これは次に会った時にまたお小言が飛んできそうだと思っていたハンスだが、手紙がそれだけで終わらないのは彼に取っては意外だった。後半部分は一新人軍警に対するミジャンカの思いと提言が記されていたからだ。


初めて会った時のことを思い返せば、ハンスの脳裏に映るのは今のセラウド以上に寡黙で、自分の歪んだ価値観を盲信するミジャンカの姿だ。それがまるで自分を追い込んでいるように見えてあまりにいたわしく、彼は彼で周りの人間のことなど見向きもしなかったし、必要以上にフィンドを痛めつけていることも知っていた。


そんなミジャンカが一人の軍警を慮って、時間がない中便箋数枚分の手紙を書いて寄越してくるまでになったのだ。


それもさしてねんごろなわけでもない人間の為に。


人とは少なからず変わっていく。その殆どが外部要因によるものだ。変える者がいるのだ。


銀髪の彼の姿が浮かぶ。そしてハンスは思う。彼の導きによって救われる人間が多いのも頷けると。何故なら、その人間たちはまたどこかで別の人間の救いになっているから。

 


         ***


 軍警本部から程近い場所に建つ病院。殆ど患者のいない大部屋には八床のベッドが規則正しく並べられていた。


「おーいルツ!」


 窓際のベッドに腰掛けたコリンが、来訪者の姿を見て目尻を下げてこっちだと手を振る。そんなコリンの元に向かうルツの手には小さな花束と籠に詰められたトマトが抱えられていた。


「ははっ、そんな似合わないもの持ってこなくてよかったのに。気を遣わせちまったようで悪いな。」


「やぁコリン。思った以上に元気そうで安心したよ。」


 慣れない手つきで花瓶に花を生けていくルツの顔は照れ臭そうだったが、コリンの様子を見て安堵したのか柔らかい表情はそのままだった。その顔は血色が良く、目の下の隈も薄くなっていて年相応の溌剌さが滲み出ていた。


 バイロンから戻って数日。ルツが読み書きを覚えたのはジャイレンに来てからのことだったこともあり、慣れない報告書をまとめるのに存外時間が掛かってしまった。しかしいつの間にか本部には彼の身に覚えのない休暇申請が出されていて、本部の医師から十分滋養のある食事を取るようにとの指示が下された。宿舎の食事もルツだけ一品多めに用意されていて、矢鱈と精の付く献立一辺倒になっていたことにルツ自身驚いていた。


 聞けば睡眠不足な中での疲労蓄積が著しい為に十分な休養を要する旨の診断書が提出されていたとのことだった。


 その甲斐もあって、気怠さもない。

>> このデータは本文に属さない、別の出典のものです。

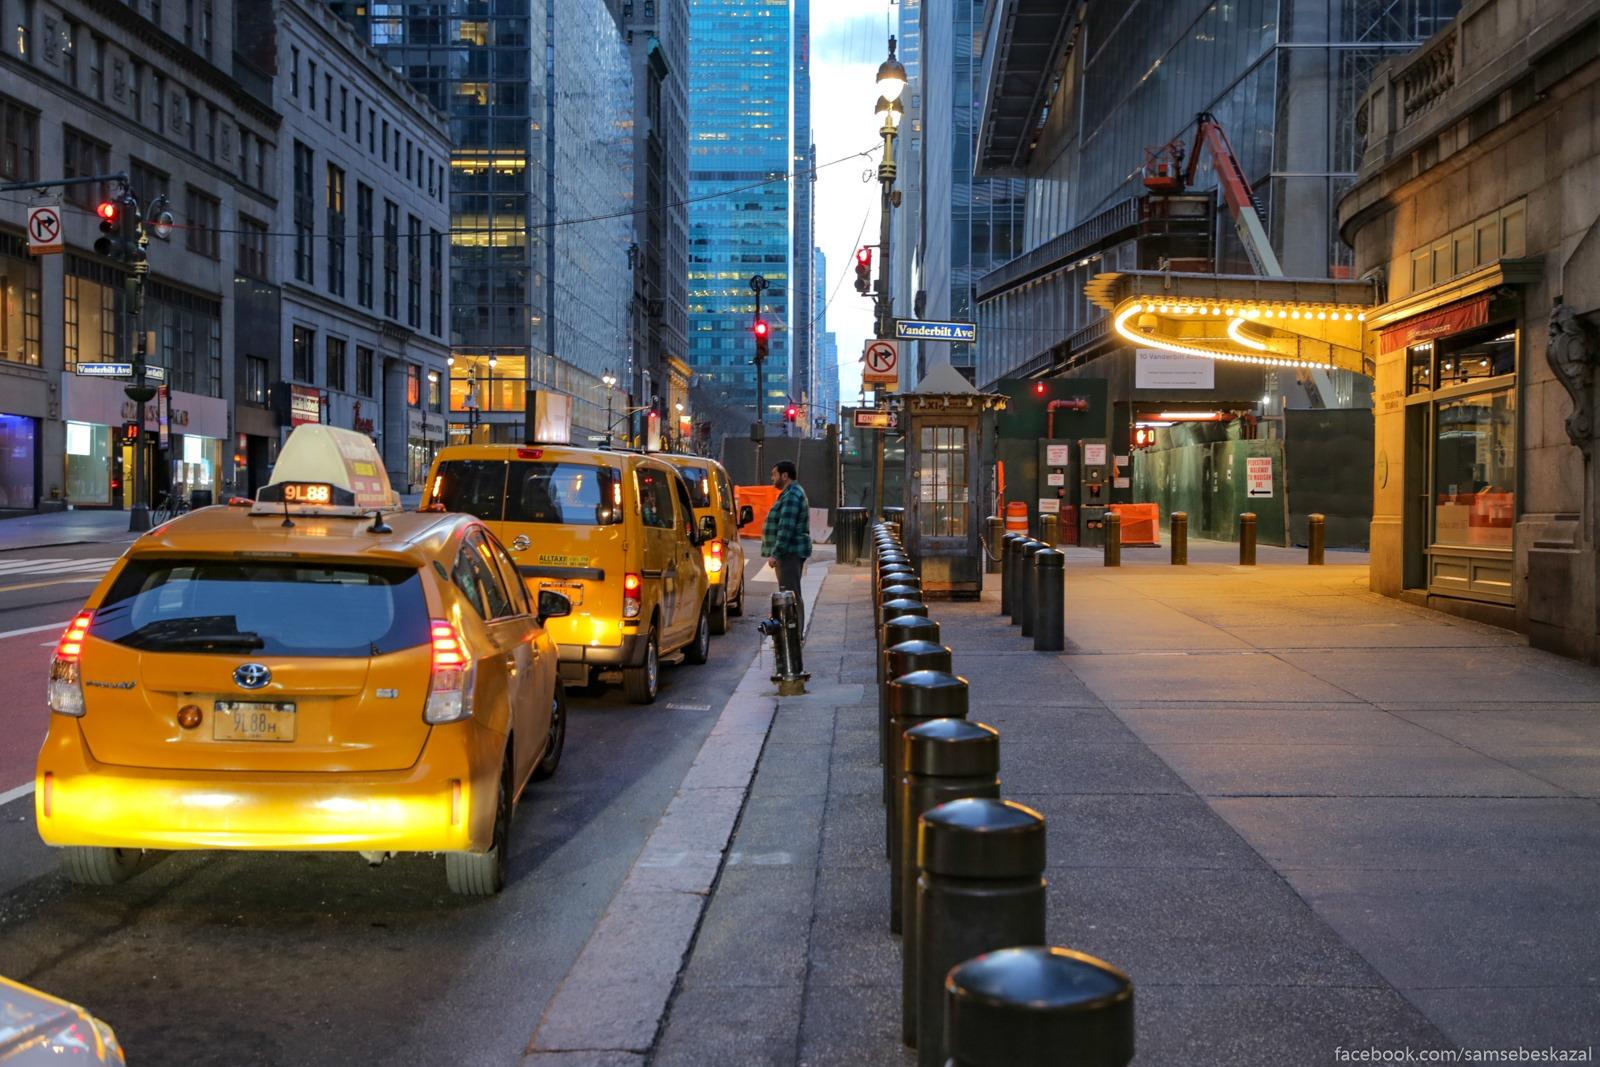 Taksisty u Centralʹnogo vokzala v ozidanii klientov, kotoryh net. Vnutri vokzala tolʹko policejskij, bezdomnye i fotografy.

頭がふわふわするような靄掛かった感覚も。お陰で盛り沢山だったバイロンでの任務をしっかり報告書に纏め上げることが出来たのだ。


 ルツ自身誰の口利きなのかは粗方見当が付いてはいたものの、その人物は既にジャイレンにはいなかった。


「コリンは復帰までまだ掛かるんだって?」


「まぁな。復帰するにしても俺は完治するまでは暫く内地での一般任務になりそうなんだ。体力も戻さなきゃいけないから、鍛錬の時間を作れるようにっていう上の計らいだよ。」


 コリンはそういうとにっと笑って、力瘤を作るように両手腕を直角に曲げてみせた。同朋の壮健な様子を見て、ルツも時間がある時には自分も体力を付けなければと思案する。

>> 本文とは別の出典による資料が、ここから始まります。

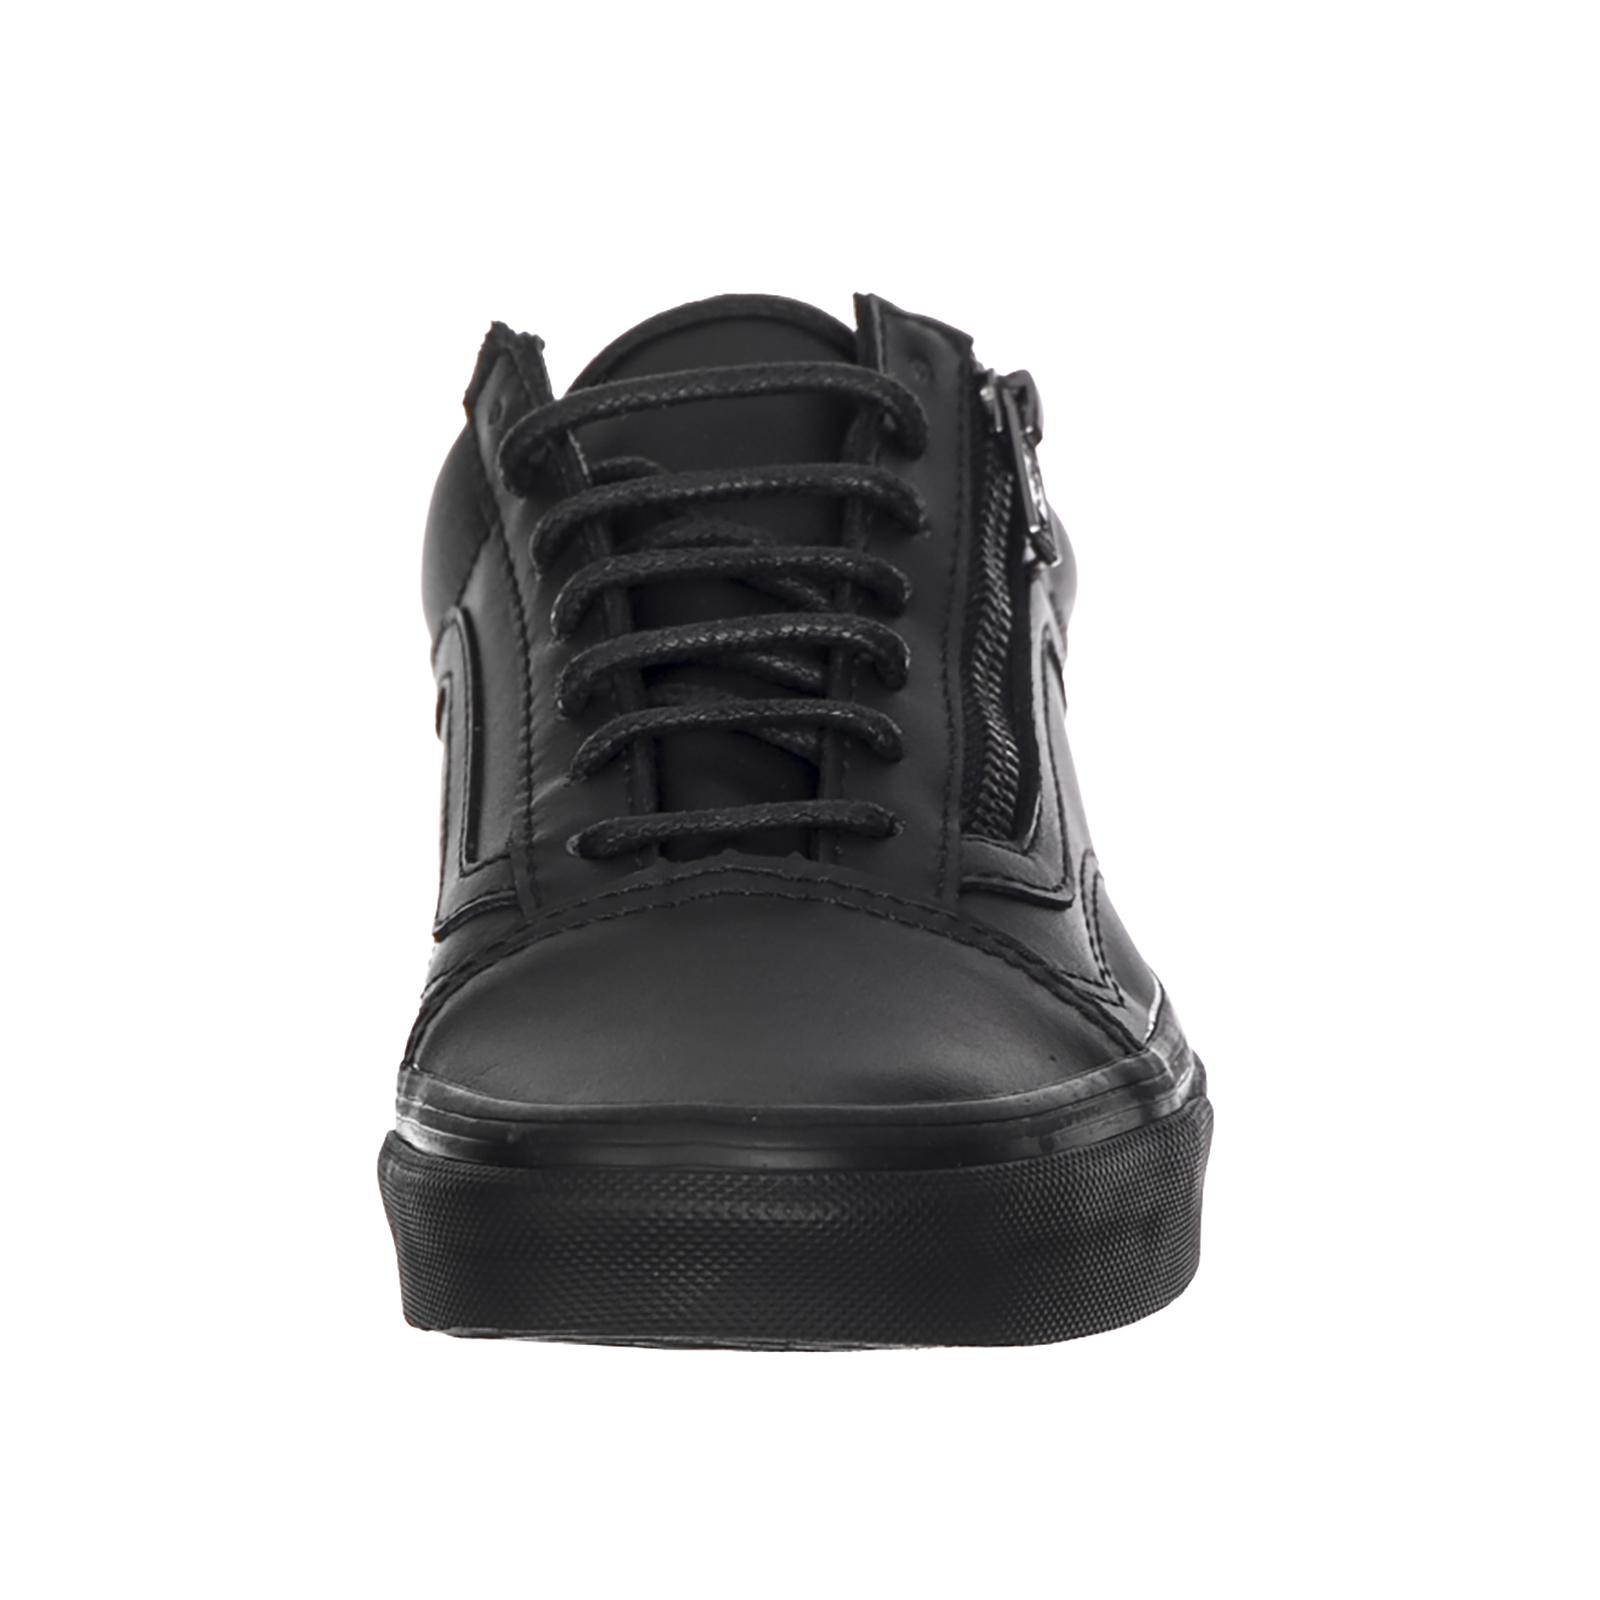 U Old Sneakers Skool Vans gunmetal Blac Zip ZwAqZd5x

「それじゃあ、僕とは当面一緒の任務に行くことはないかもしれないね。」


「あぁ。迷惑掛けるな。すぐに前線に戻れるように俺も回復を急ぐよ。」


 それにしても、とコリンはそのまま続けた。


「ハウンズはやっぱり別格なんだな。いつ寝てるかもわからない過密なスケジュールで、フィンドの情報があればオガール全土どこまでもすっ飛んで行くなんて。底なしの体力にそれぞれの強みを活かした突出した戦闘力は、噂通りだ。軍警うちの精鋭ですら、いいところ彼らの援護で精一杯だろうし。」


 ふと、ルツが花瓶を棚に置いて何も言わなくなった。両手を後頭部で組んで窓の外を見ていたコリンがん?と不思議そうにルツを見遣る。ルツの口は硬く閉ざされていて、良く見ると唇を噛んでいるようだった。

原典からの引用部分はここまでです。